Sobre a pequena mesa, havia uma dessas bolas de vidro com uma rosa artificial
dentro, exemplar típico da decoração kitsch
da época. É preciso lembrar aqui, que o Marechal era assim chamado por causa do
seu nome de batismo – Floriano Peixoto – e chegou a figurar numa lista dos Dez
Mais Elegantes do Ibrahim Sued. Alto, magro, negro retinto, foi estampado nas
páginas da revista de terno de linho branco e chapéu panamá.
Naquela época, a
editora Abril havia lançado a revista Realidade,
investindo com força em reportagens de qualidade. O jornalismo da Manchete, calcado na malandragem
carioca, logo partiu para canibalizar as vantagens da adversária. Realidade era mensal, Manchete semanal. Podíamos, assim, nos
valendo de uma discreta espionagem industrial, “furar” a rival. Um exemplo: Paris-Match, nosso modelo de estilo,
publicou uma reportagem de capa fascinante sobre o primeiro ano de vida do
bebê. Tentamos comprar a matéria e soubemos que já fora vendida à Realidade. Fui designado então, pelo
editor Justino Martins, a “reconstituir” a reportagem - da Paris Match recorrendo aos conhecimentos do dr. Rinaldo De Lamare,
um dos maiores pediatras da praça e autor do best seller da Bloch, A Vida do Bebê. Furamos a Realidade e a edição foi um sucesso
retumbante, tendo na foto de capa um bebezinho de um ano nu de pé. Era o
Arnaldo Bloch, sobrinho-neto do Adolpho, hoje jornalista de O Globo. Na Bloch, imperava sempre a
solução doméstica.
Quando estourou uma
crise que ocupou as manchetes dos jornais do mundo inteiro no Haiti do ditador
Papa Doc Duvalier, a Realidade estava
lá com uma dupla dinâmica de repórter e fotógrafo. Graças a minha amizade com o
diplomata Orlando Soares Carbonar – meu colega na Gazeta do Povo de Curitiba nos anos 50 – então chefe de gabinete do
Ministro das Relações Exteriores, Magalhães Pinto, consegui uma entrevista
exclusiva, no Palácio do Itamaraty – vendo os cisnes pela janela – com o
embaixador do Brasil em Port-au-Prince, Geraldo Rainho, que abrigara na
embaixada políticos perseguidos por Papa Doc e fora chamada de volta ao Brasil.

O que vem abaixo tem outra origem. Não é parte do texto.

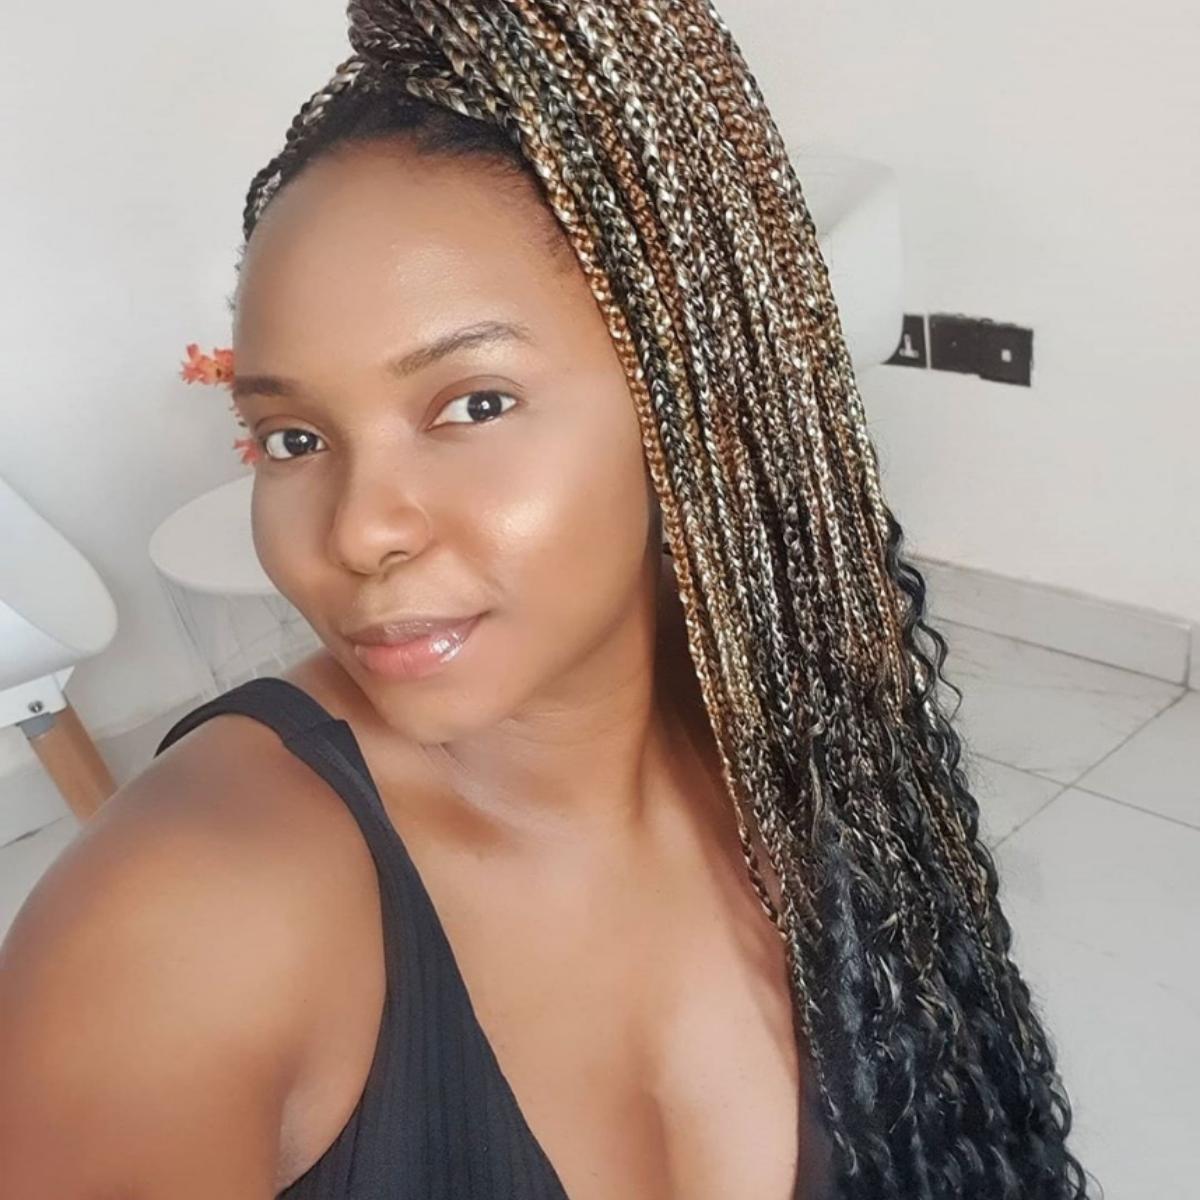 Yemi Alade Mocks Nigeria Over Coronavirus Lockdown

O depoimento vivo de Raínho, mais algumas pinceladas do livro Os comediantes,
de Graham Greene, cuja versão cinematográfica acabara de estrear com
estardalhaço (imaginem: Liz Taylor e Richard Burton nos papeis principais...),
me ajudaram a escrever um texto vibrante que dava a impressão de que eu
estivera lá, vendo tudo, no ventre da besta.
Uma vez mais, furamos a
Realidade. O problema é que a mulher
do repórter, ao ver a matéria da Manchete,
sentiu que eu estava ameaçando a carreira do marido, e partiu para uma desforra
pessoal. Invadiu Frei Caneca com uma amiga e, ao chegar à mesa do Marechal, foi
evidentemente barrada. Felizmente, eu estava na rua a serviço e escapei do
barraco. Impossibilitada de entrar, a mulher do repórter da Realidade pegou a bola de cristal da
mesa do Marechal e a arremessou com furor ao chão. A bola estilhaçou-se
em mil pedaços e a pobre rosa de crepom caiu ao chão em meio a uma poça d’água
– descobrimos então que a rosa kitsch
– quase uma Rosa de Hiroxima então – era envolvida por água dentro da sua
bolha. Quem resolveu a parada, exorbitando de suas funções, foi o diretor
financeiro Nelson Alves: aos trompaços, ele arrastou as invasoras até a calçada
de Frei Caneca e as lançou no olho da rua.
Essas súbitas
lembranças foram desencadeadas pelo telefonema que recebi esta manhã do Lairton
Cabral, comunicando a morte do Marechal, na última terça-feira, 12 de agosto,
no seu tugúrio da Região dos Lagos, aos 97 anos. Que todas as rosas do mundo –
artificiais, é claro – o acompanhem, Marechal!